**Collected material**
┌────────
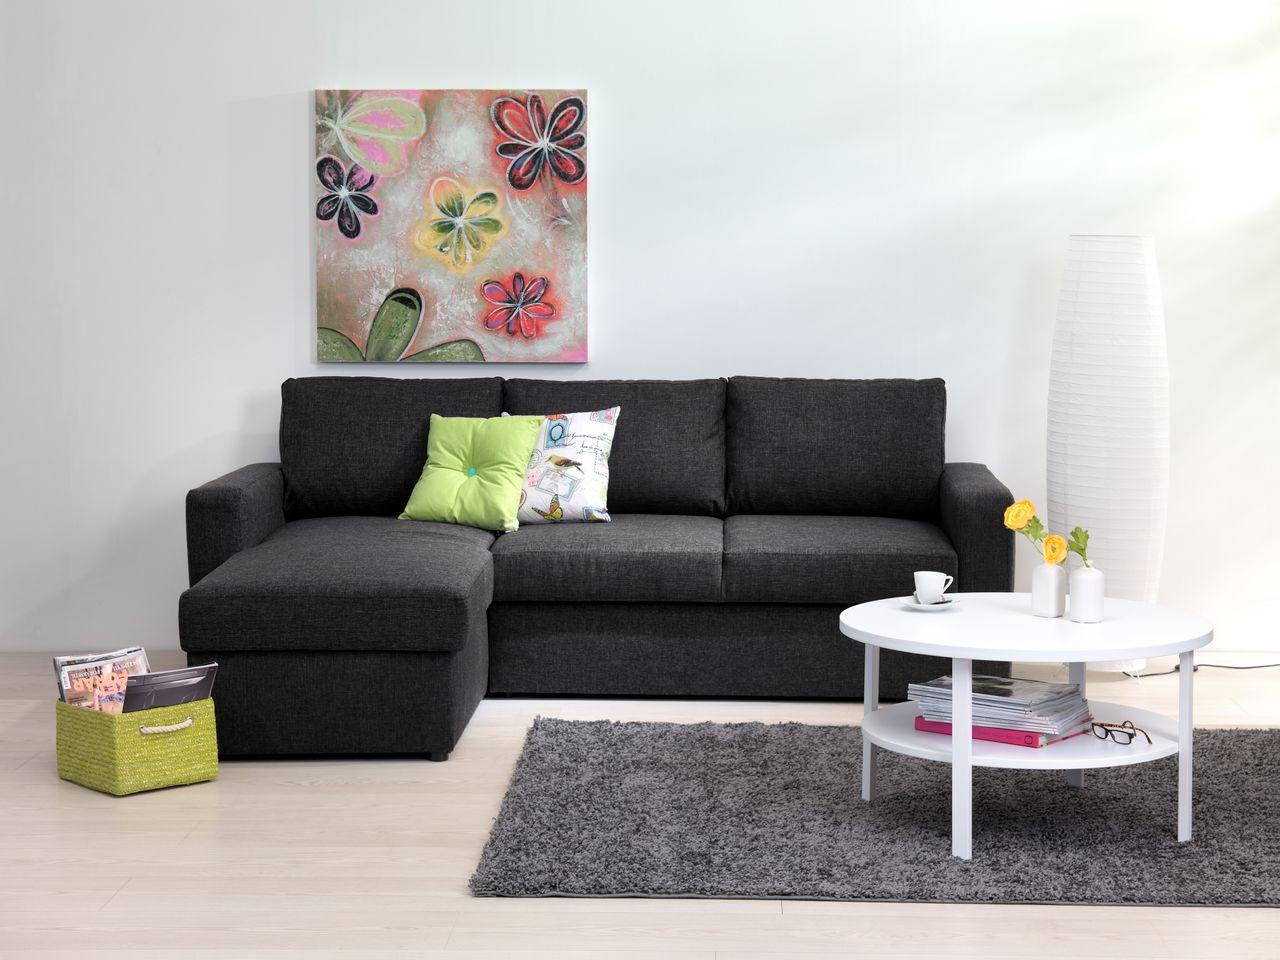 Soffbord SKIBBY mhylla svart | JYSK | Soffbord, Kaffebord
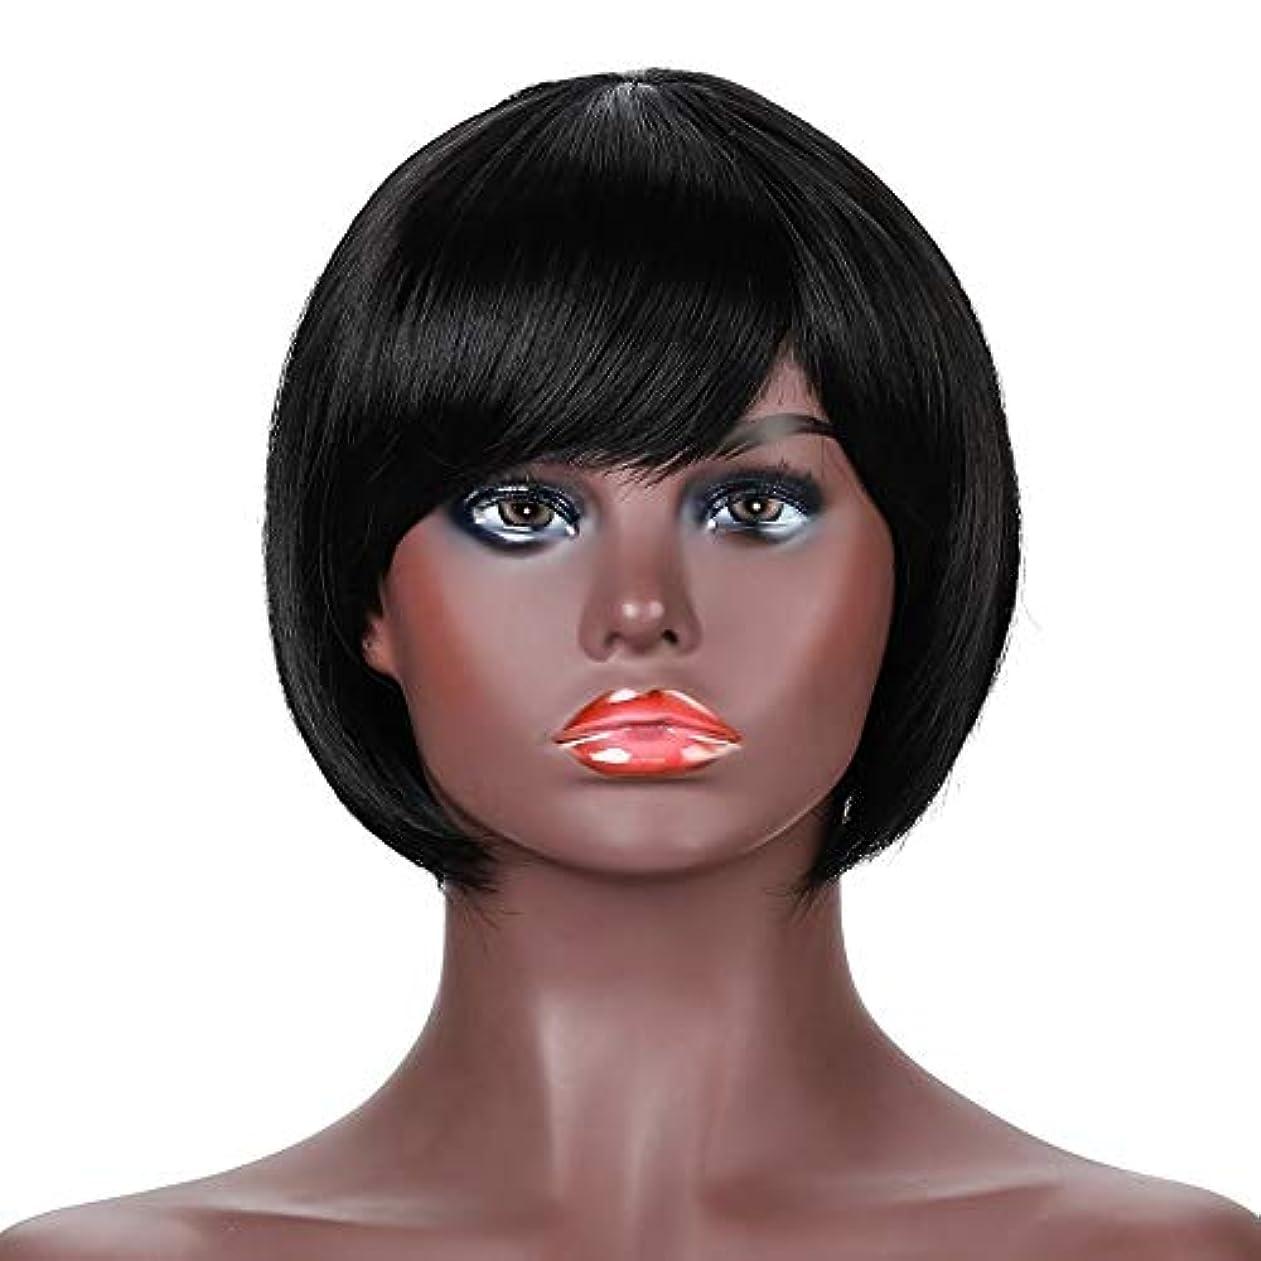 死傷者なんでも欠かせない女性用ナチュラルブラックショートカーリーヘアウィッグ前髪リアル人毛ウィッグ合成フルヘアウィッグ女性用ハロウィンコスプレパーティーウィッグ
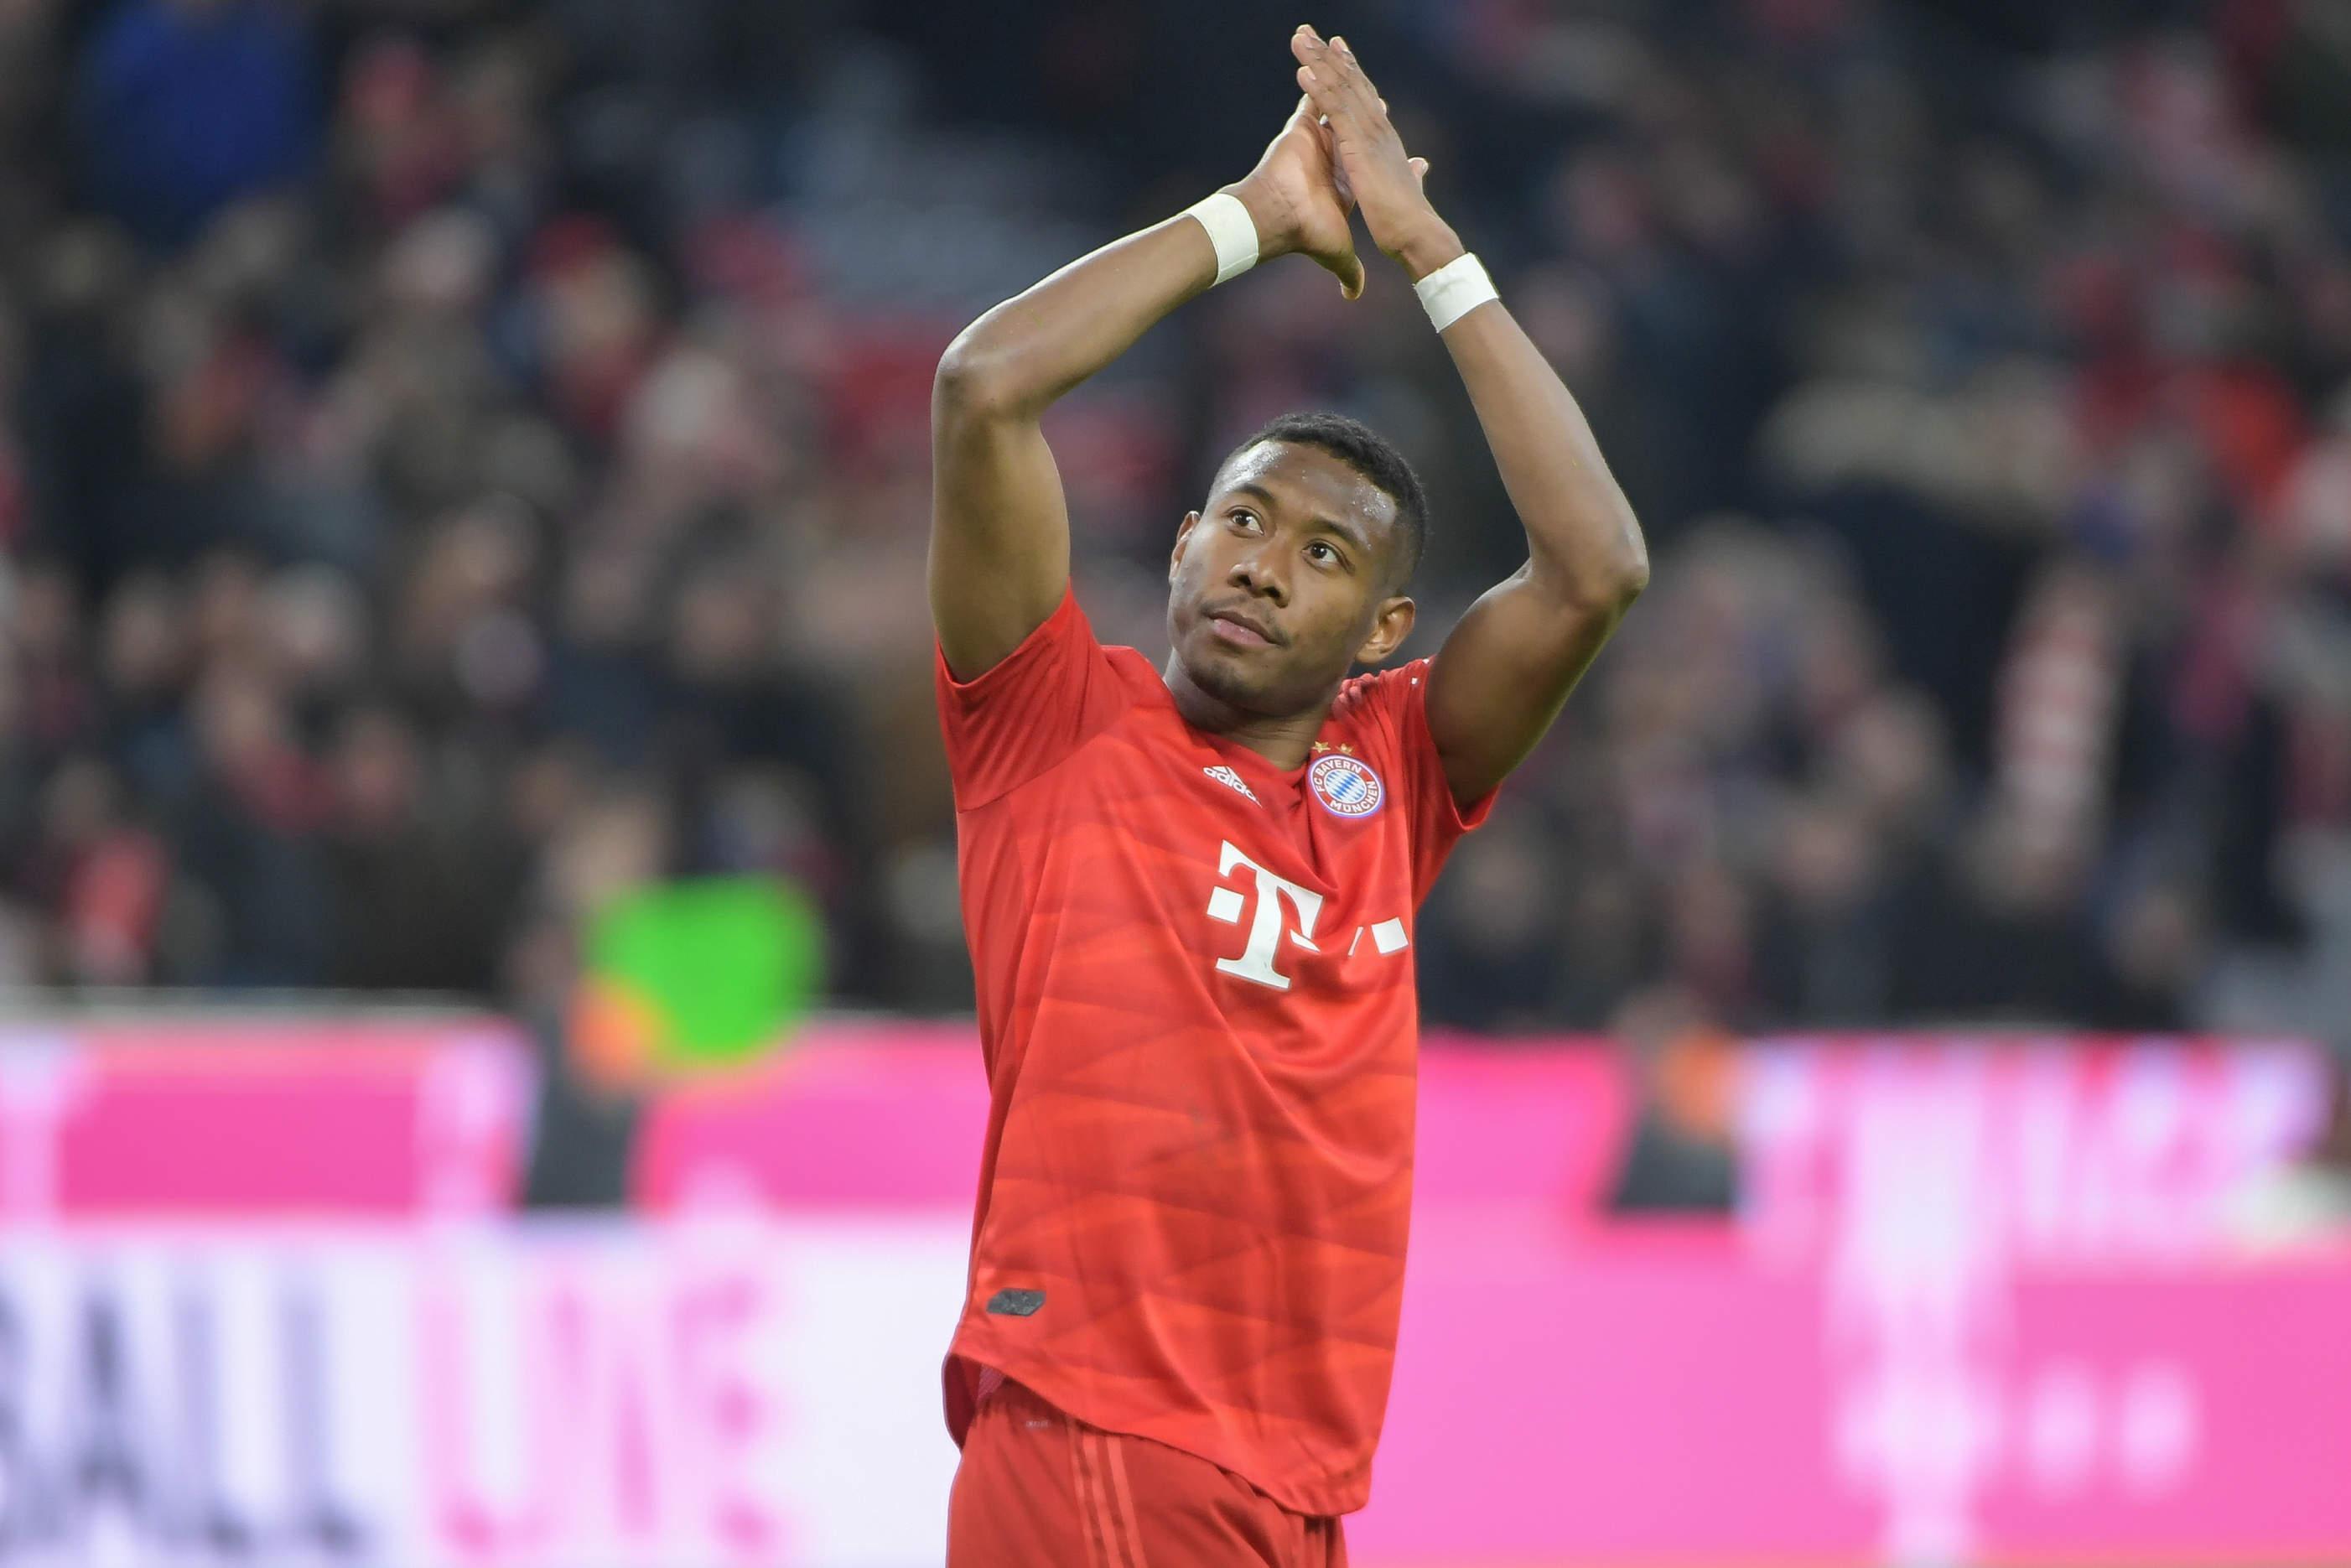 Wechsel nach England? Alaba spricht über Bayern-Abschied
└────────
**Task statement**
With pictures omitted, restate exactly every line from the one containing "死傷者なんでも欠かせない女性" through the last line of the material, inclusive.

**Answer**
 死傷者なんでも欠かせない女性用ナチュラルブラックショートカーリーヘアウィッグ前髪リアル人毛ウィッグ合成フルヘアウィッグ女性用ハロウィンコスプレパーティーウィッグ
 Wechsel nach England? Alaba spricht über Bayern-Abschied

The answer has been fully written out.